Wiscasset selectmen decided to make the offer during a discussion of the old ships Tuesday night instructing Town Manager Marian Anderson to get in touch with the school. The decision followed a brief discussion of a legal opinion regarding ownership of the relics including a length of bow section a Westport Island man said he recovered 37 years ago.
Sharing an option she’d gotten from the law firm of Bernstein and Shur, Anderson said any claim for salvage rights needed to have been made within two years of when the item was recovered. She explained this was due to a statute of limitations. The piece in question was a length of the ship’s prow with the name HESPER carved into it. Jay Seigars claimed to have pulled it from the Sheepscot River the morning after the ship caught fire July 4, 1978. If the students take on the project and this piece is restored, selectmen promised to give Seigars credit for having recovered the item once it’s put on display. Seigars was 17 when he found the piece of ship’s wreckage floating south of the Westport bridge. Although he now resides on Westport Island, he is a Wiscasset native.
Selectmen’s Chairman Ben Rines Jr. said there were a number of other items from the old ships at the former landfill including some of the ships’ iron fittings. He suggested if a length of mast can be found that is suitable, the WMHS shop class might be able to fashion a replica of the Boston Cane. The cane could be then passed to the town’s oldest resident.

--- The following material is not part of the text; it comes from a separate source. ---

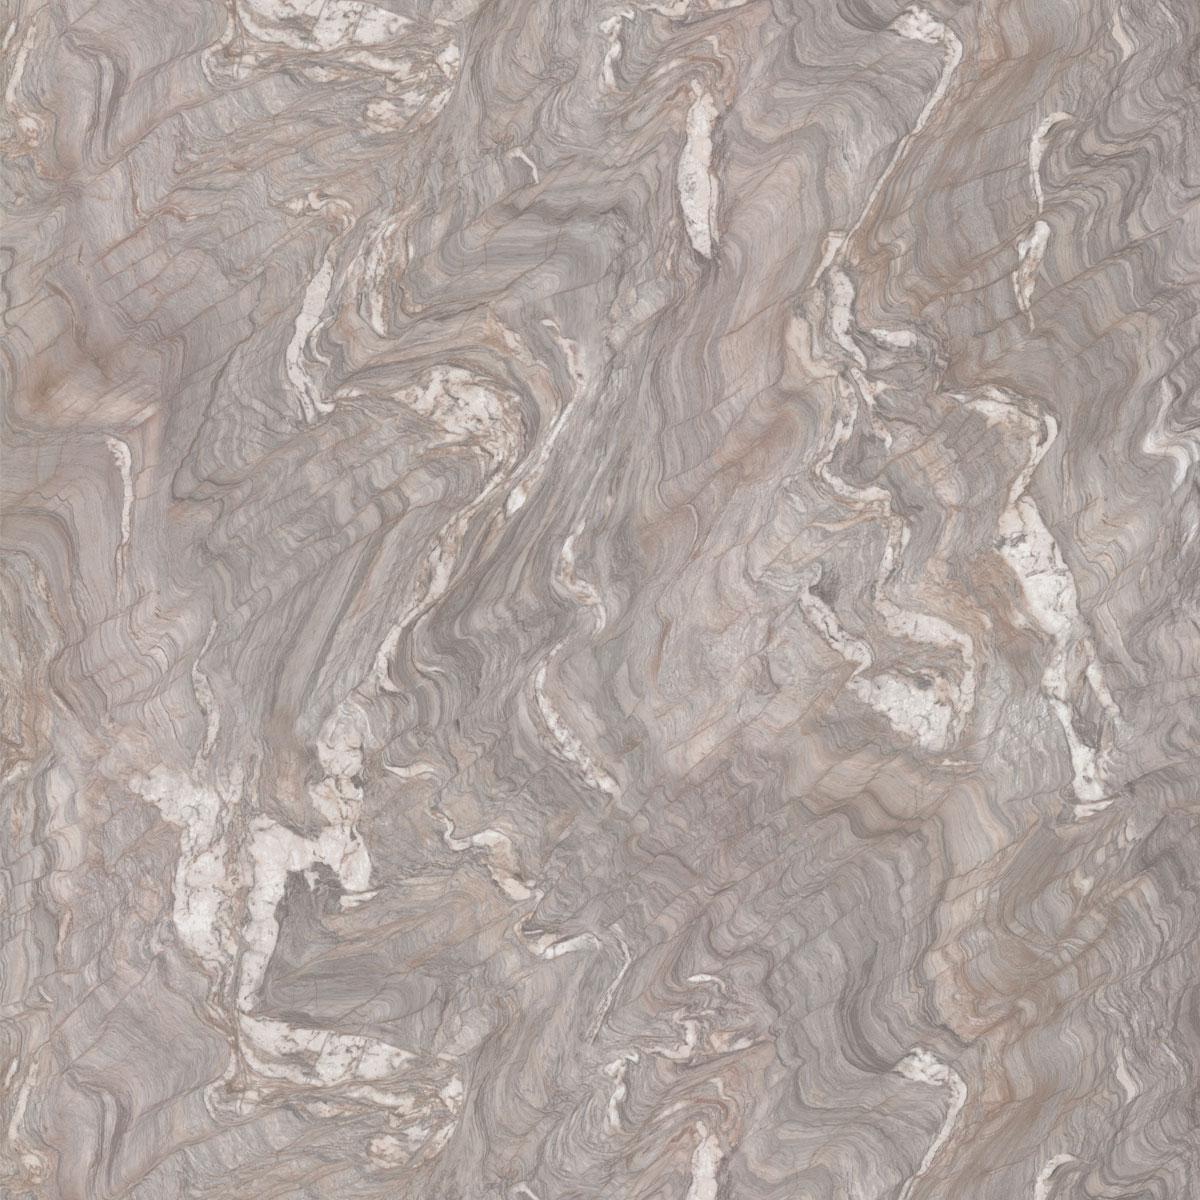 7404 Neopolitan Stone - Formica

Selectmen declared Saturday, Dec. 19, as Ruth Kierstead Day. Kierstead, a retired Wiscasset teacher, will be celebrating her 100th birthday this month. Linda Winterberg accepted a framed proclamation signed by selectmen on Kierstead’s behalf.
At the request of the Shellfish Committee, selectmen closed the shores abutting Cushman Cove to shellfish harvesting for the first six months of the new year. The closure boundary prohibits clamming on both sides of the cove and runs from the northernmost point of land on Cushman Point in a northerly direction, to a point of land on the Wiscasset shore. The area affected is approximately eight acres of tidal flats. The closure is from Jan. 1 to June 1, 2016.
At the Jan. 5 meeting, the board will again take up the $2,000,000 financing options to pay off the cost of withdrawing from Regional School Unit 12. Selectmen are leaning towards a 10-year financing option with quarterly payments. The board hopes to have several banks bid on the financing.